The increasing level of military operations in Iraq, Afghanistan and other places in the world has resulted in the ongoing activation of thousands of National Guard and Reservists. As the rotation and deployment cycles continue, many Guard and Reserve members are now returning to resume their civilian jobs. Problems between these returning service members and their former employers are occurring in increasingly frequent numbers.
The returning service members, as former employees, have legal reemployment rights. Employers have a legal obligation to reinstate these individuals in their previous positions. The returning service members have recourse under the Uniformed Services Employment and Reemployment Rights Act of 1994 (USERRA).
The Employer Support of the Guard and Reserve (ESGR) is a Department of Defense-funded program that works to resolve employment or reemployment issues between service members and employers. The USERRA guidelines outline the fine points of the act and clearly define service members’ obligation to notify their employers, whenever possible, of an upcoming activation or deployment. Additionally, it provides timelines for them to return to work upon deactivation from active service.
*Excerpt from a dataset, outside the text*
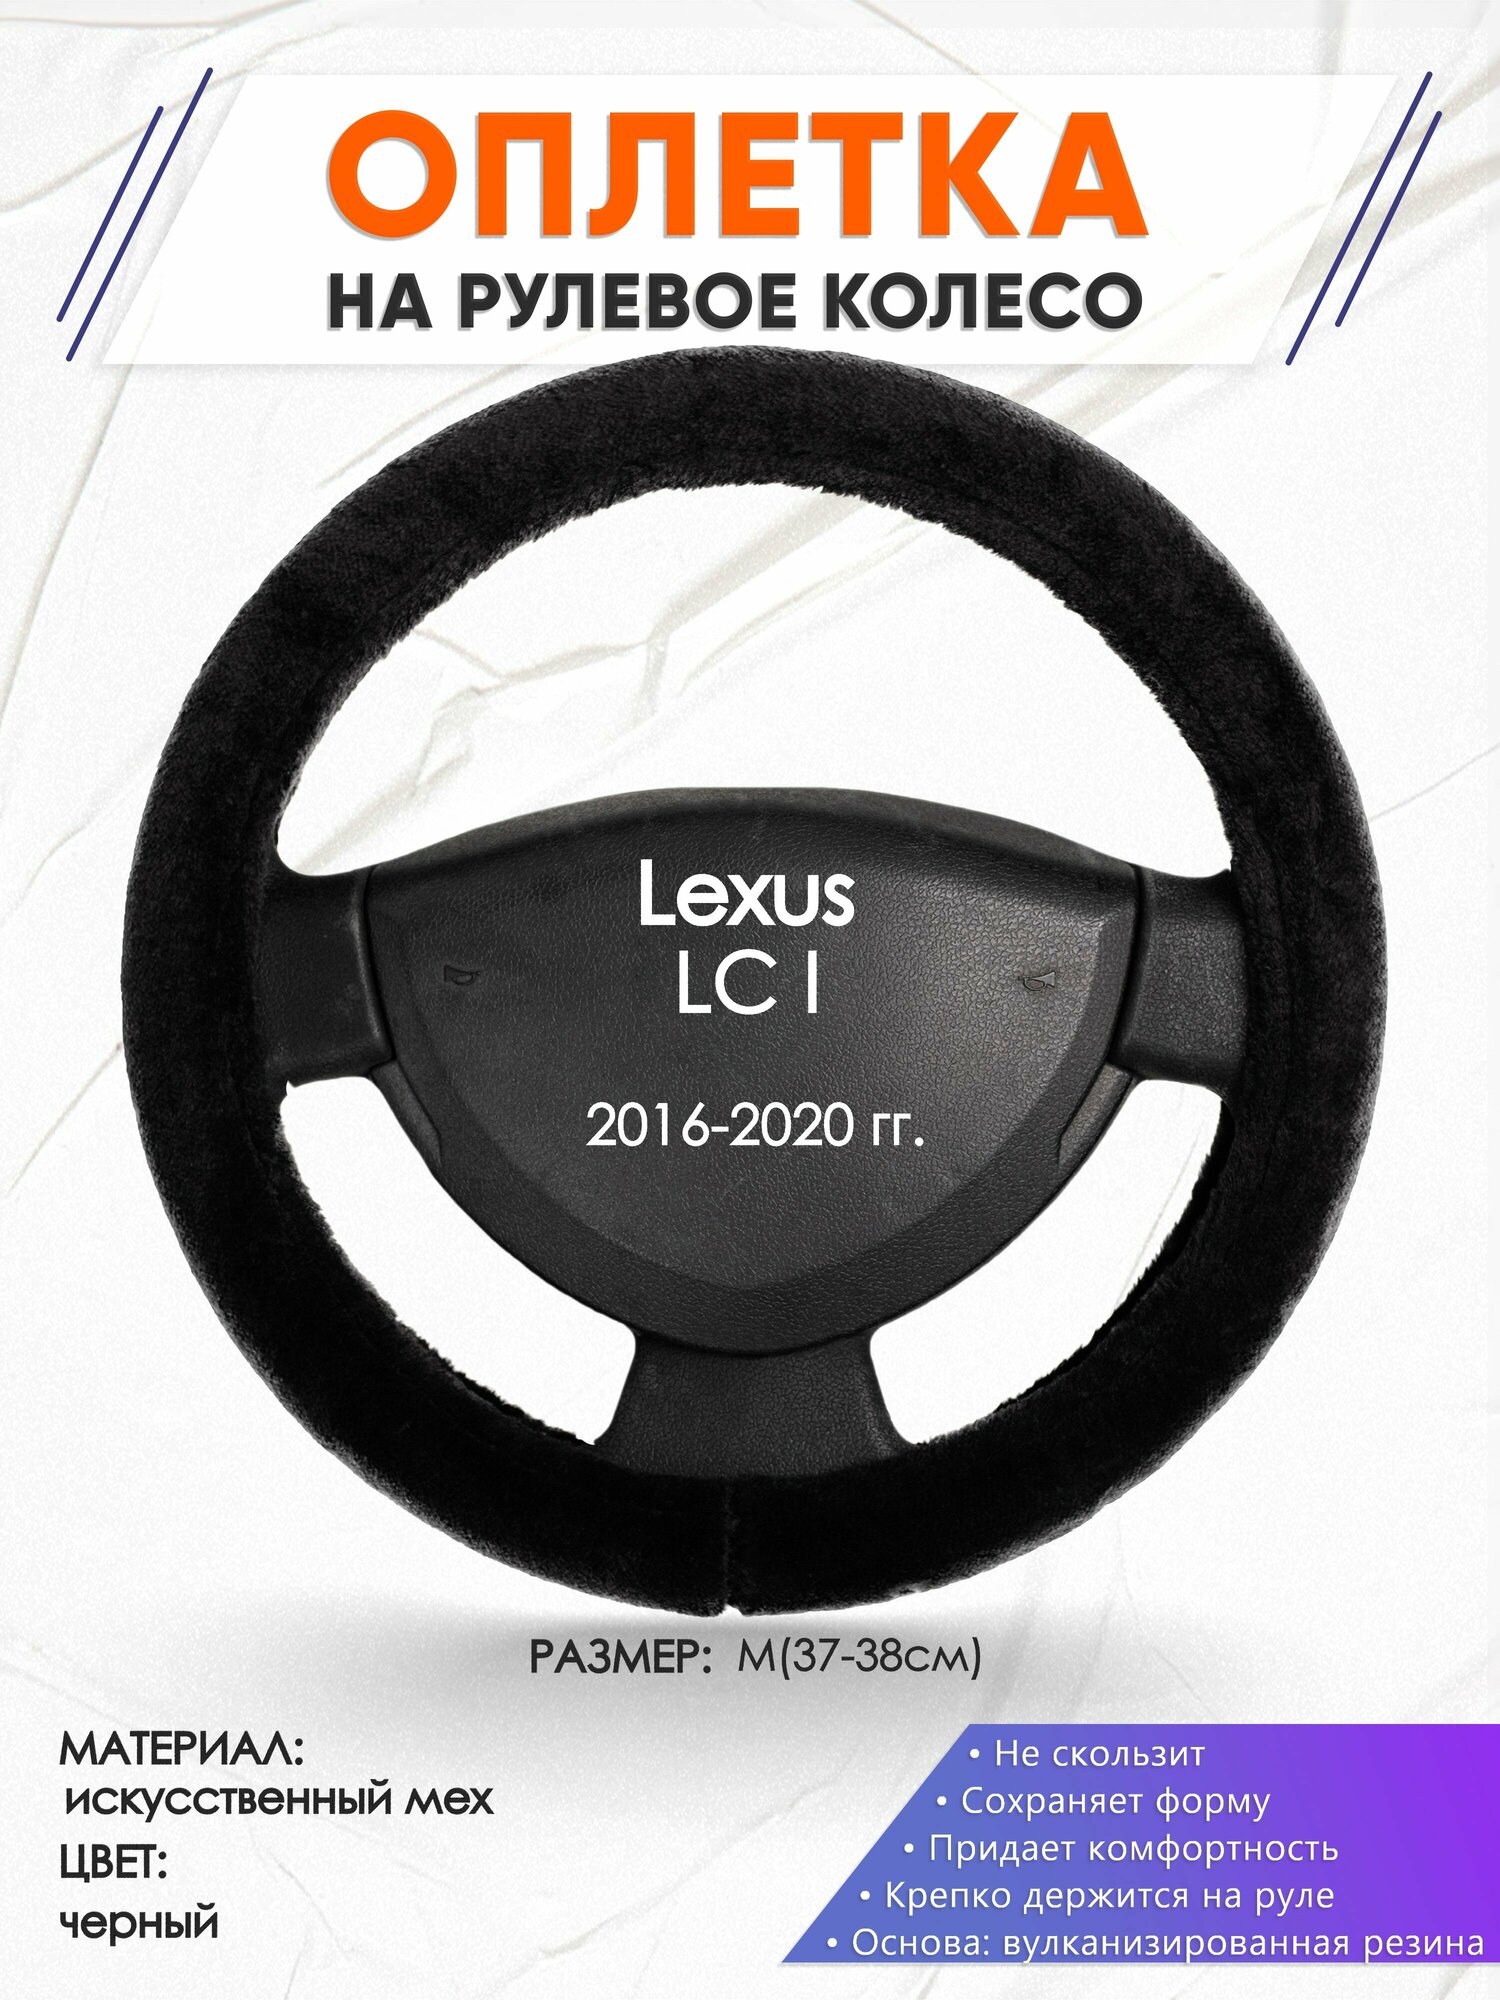 Оплетка наруль для Lexus LC I(Лексус ЛЦ 1) 2016-2020 годов выпуска, размер M(37-38см), Искусственный мех 45

On the employer side, the act outlines the requirement for prompt reemployment, “which will depend on the circumstances of each individual case.” It also defines an escalator position, which “requires that each returning service member actually step back onto the same seniority escalator at the point the person would have occupied if the person had remained continuously employed.”
The act further describes the service member’s rights and the employer’s obligations regarding pension and retirement programs. The act states the following: “A reemployed person must not be treated as not having incurred a break in service with the employer maintaining a pension plan;” and: “Military service must be considered service with an employer for vesting and benefit accrual purposes.”
The act also provides protection from discharge and discrimination. “A reemployed employee may not be discharged without cause, for one year after the date of reemployment if the person’s period of military service was for more than six months, or six months if the person’s period of military service was 31 to 180 days. Employment discrimination because of past, current or future military obligations is prohibited. The ban is broad, extending to most areas of employment, including hiring, promotion, reemployment, termination and benefits.”
The act allows liability for violation of the law to be established if service connection is just one of the employer’s reasons for any adverse action against the service member. Violations of the act can result in action by the Department of Justice and civil action with the support of the U.S. Attorney General.
The ESGR, as part of its duties, attempts to work with employers to make sure that they understand the law and their obligations to returning service members. Employers need to understand their obligations under USERRA and make sure that their supervisors and managers know the appropriate actions to take in dealing with returning service members.